(What you should do):
Everything from the line containing "cowboys-9225-Edit.jpg" to the end of the listing, both included, should be returned exactly, apart from the pictures.

(Collected material):
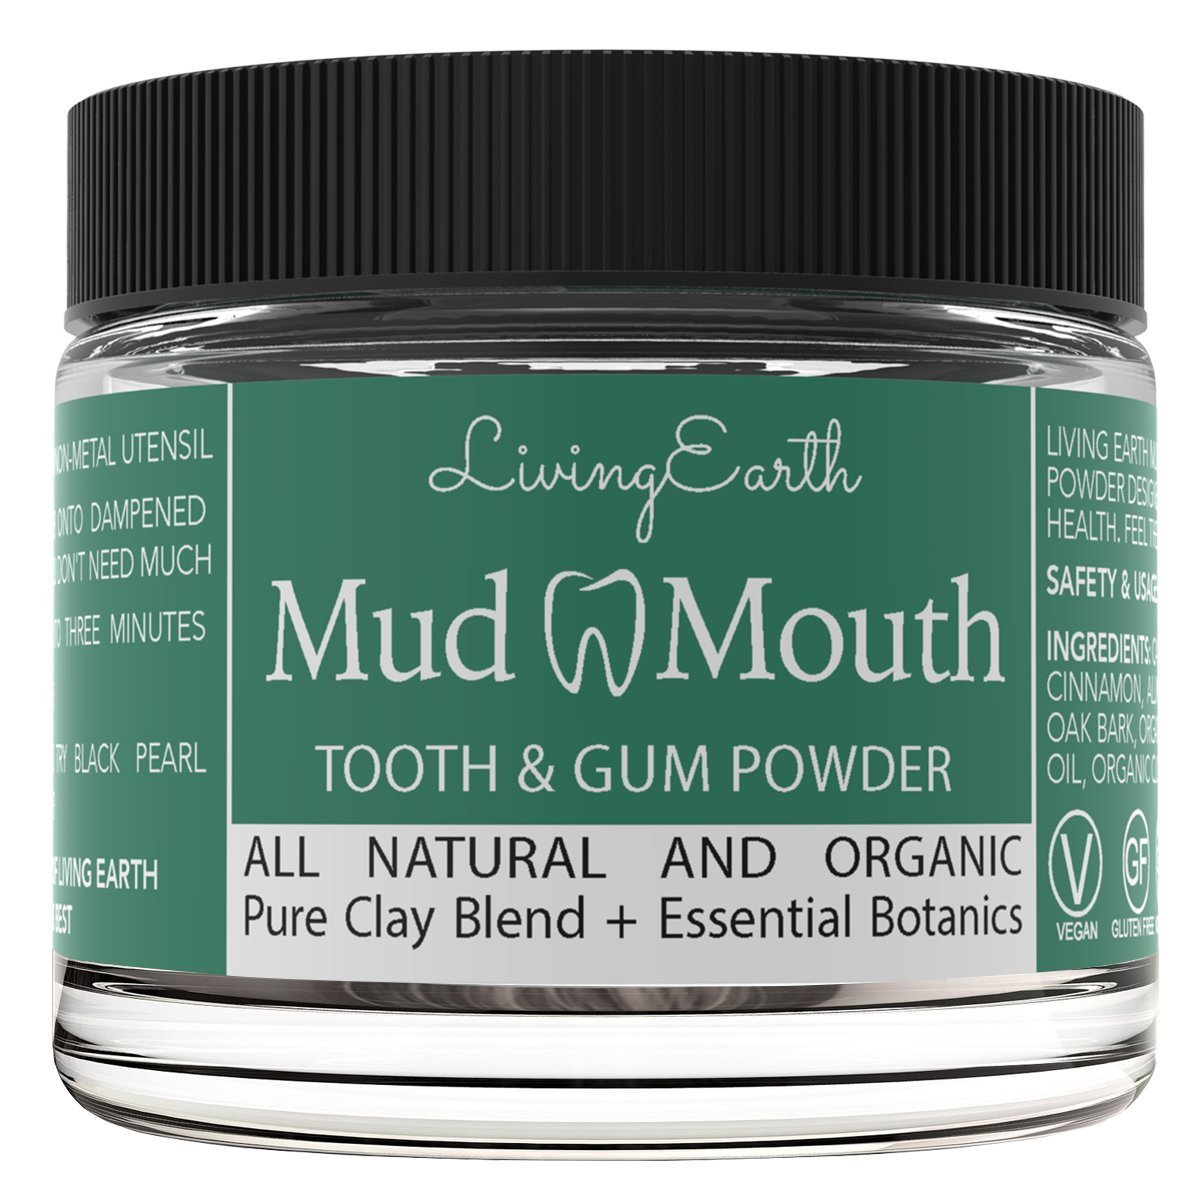 Mud Mouth All Natural Organic Tooth Powder For Sensitive Teeth, Toothache, Loose Teeth, Receding Gums, & Organic Teeth Whitening
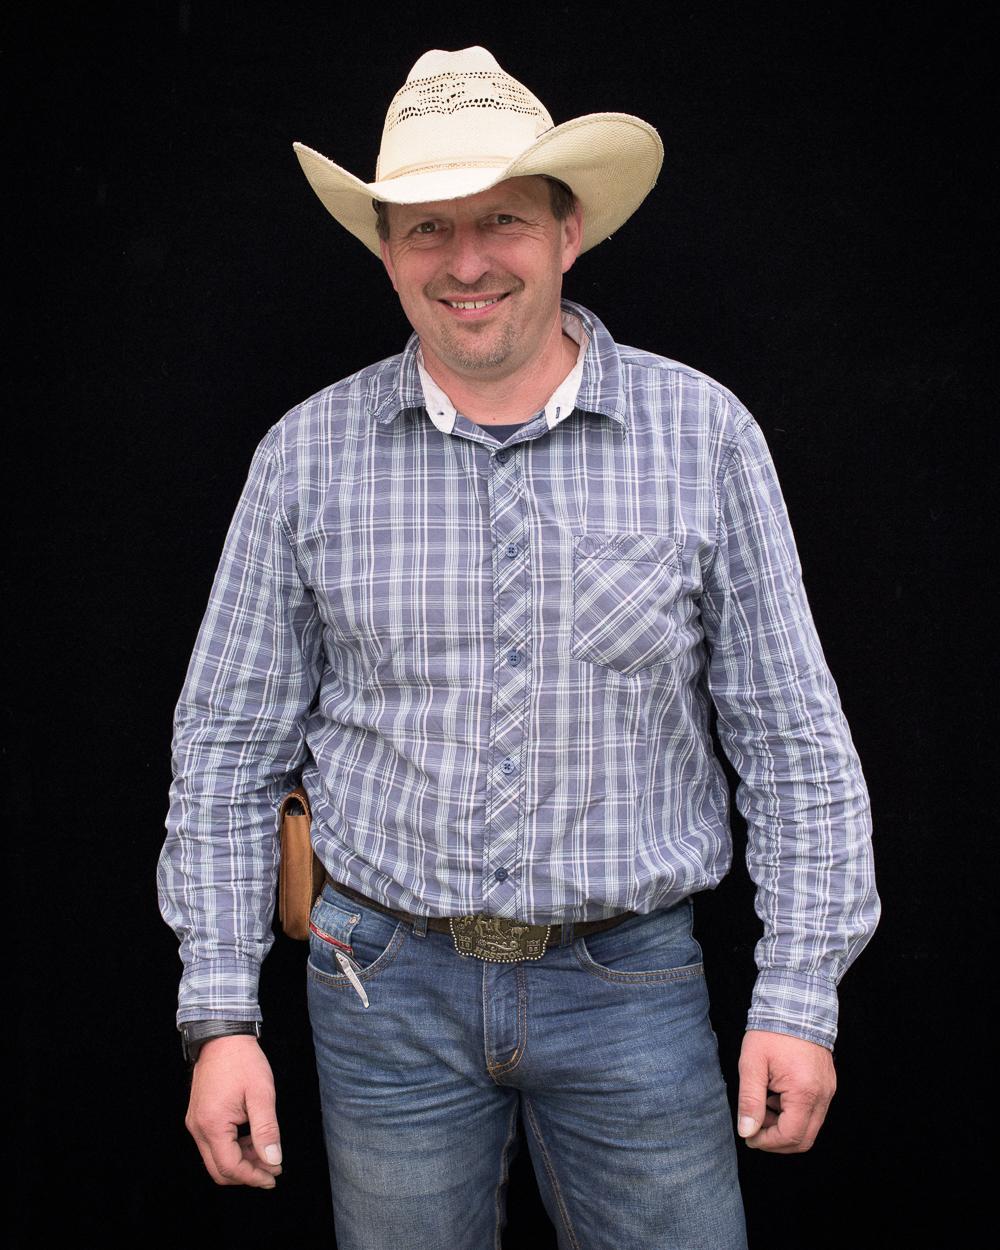 cowboys-9225-Edit.jpg
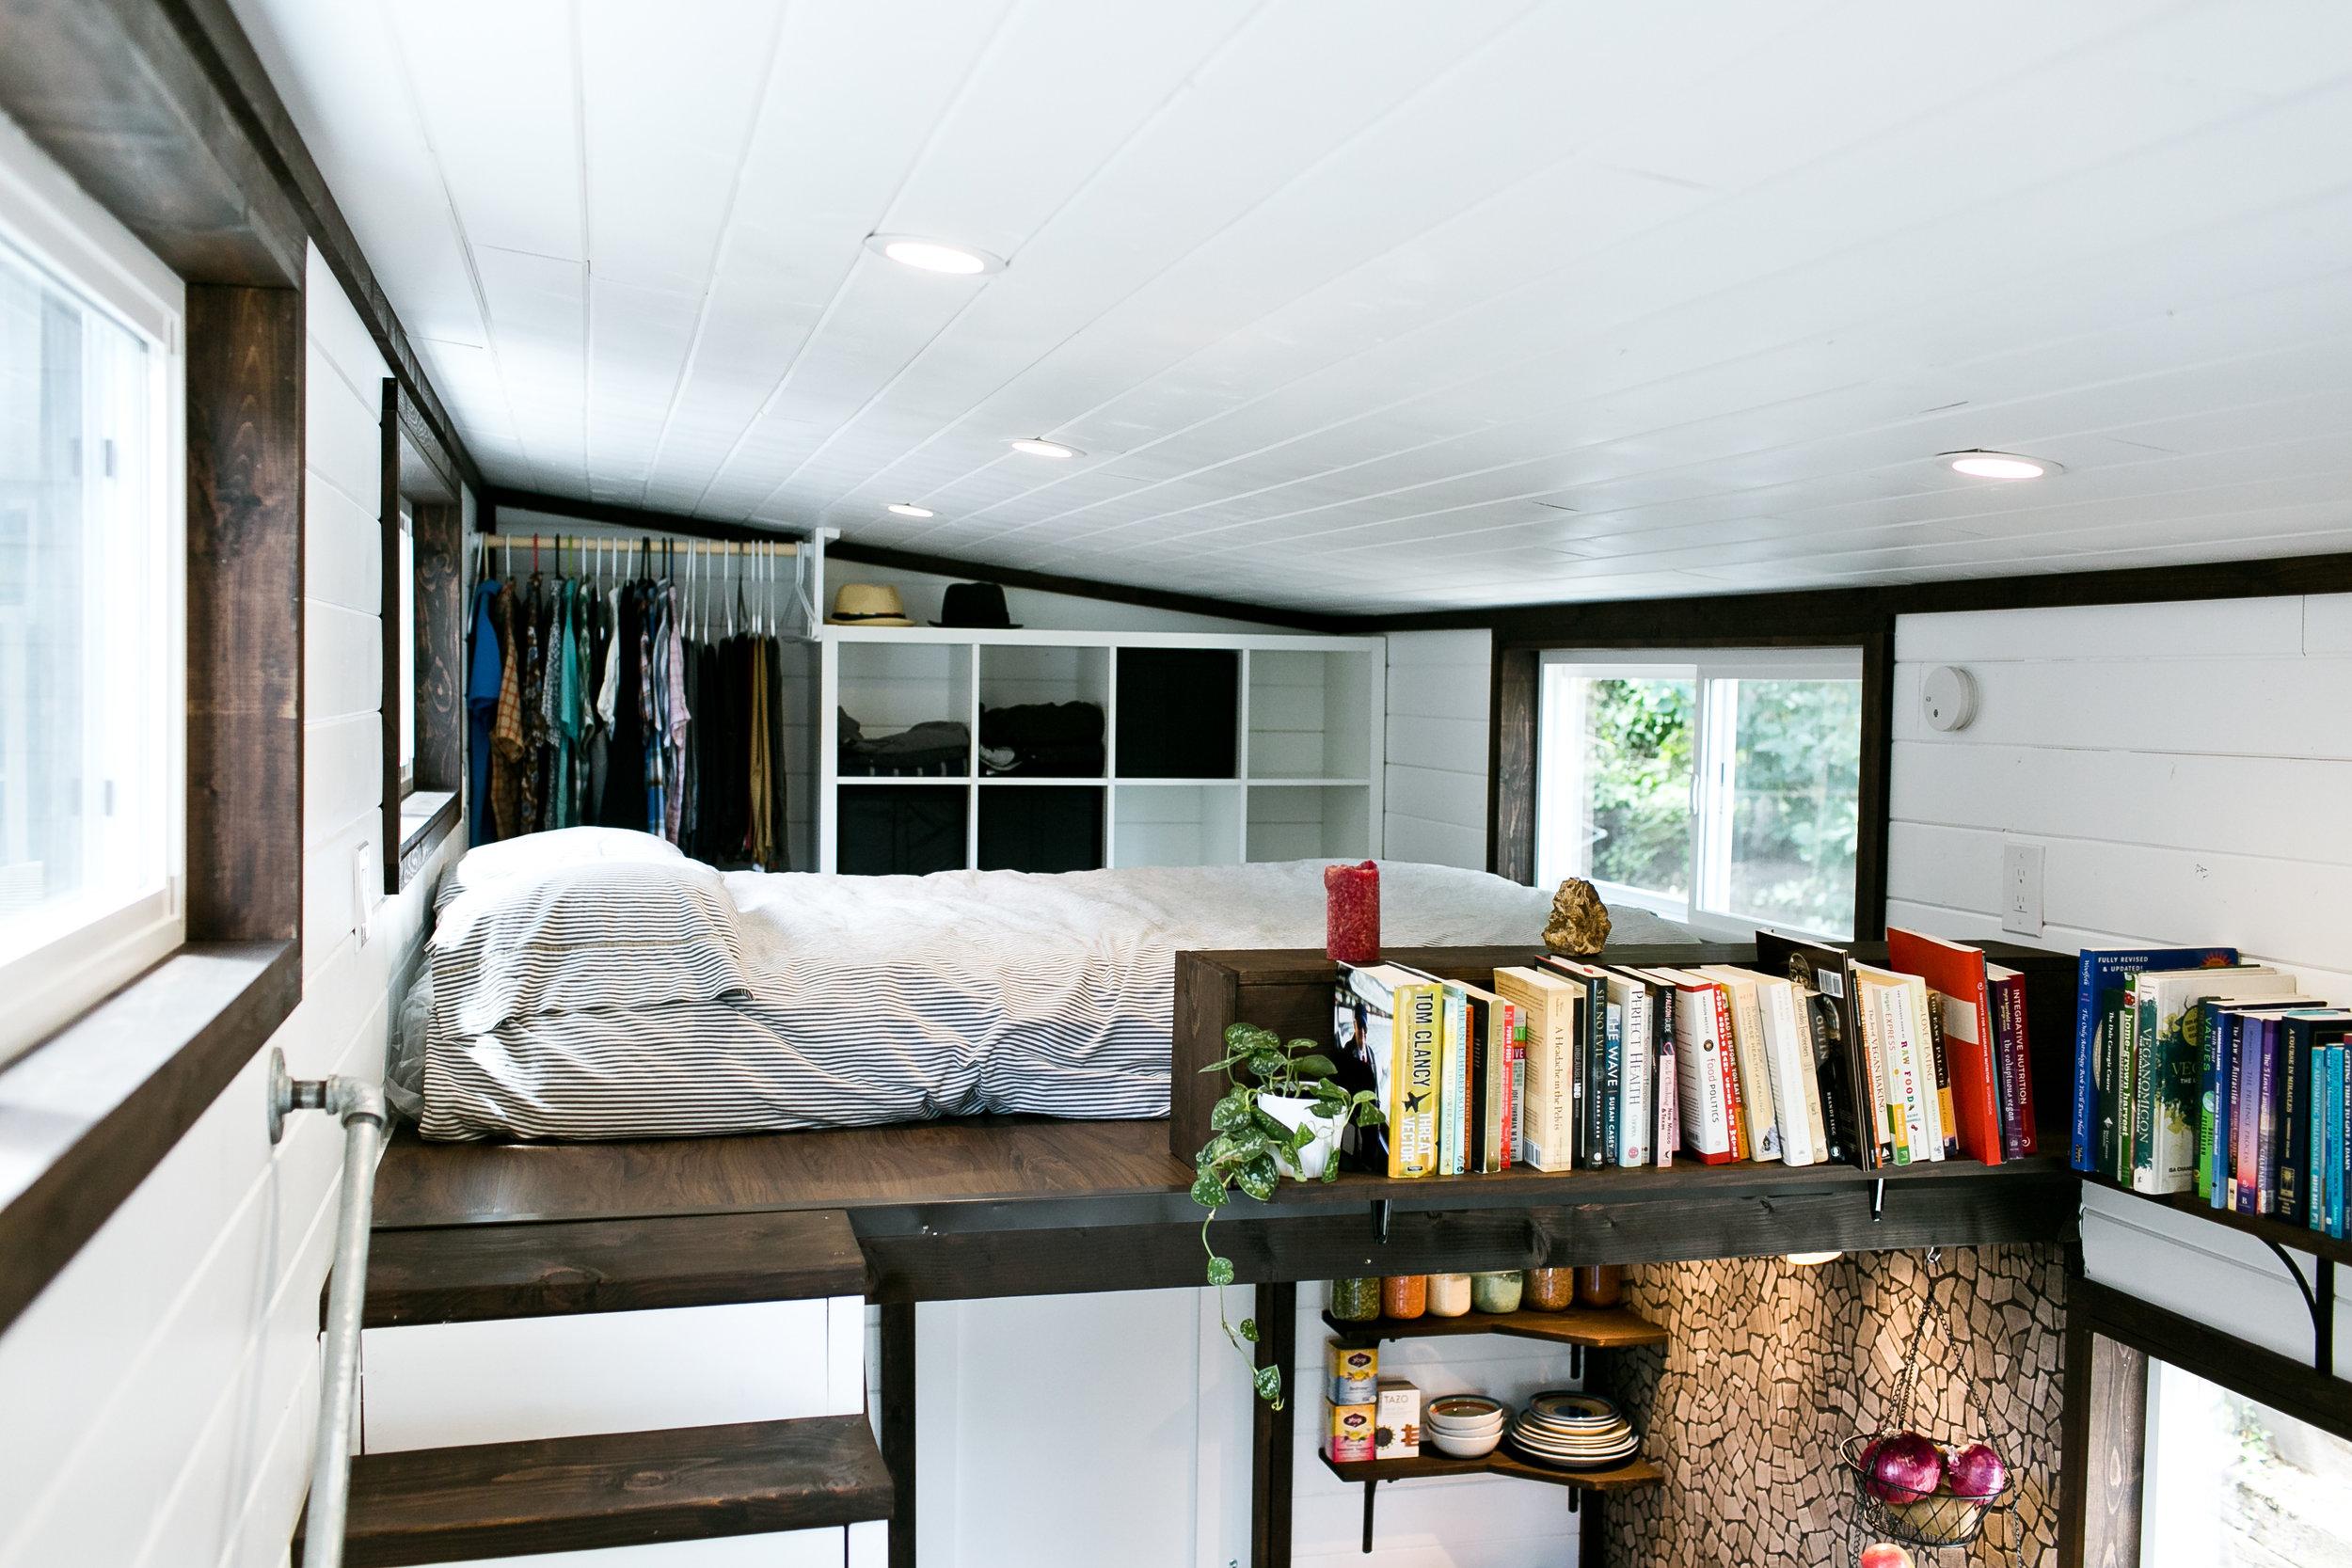 11' deep bedroom loft with 4' of head space

(Output below):
 cowboys-9225-Edit.jpg
 11' deep bedroom loft with 4' of head space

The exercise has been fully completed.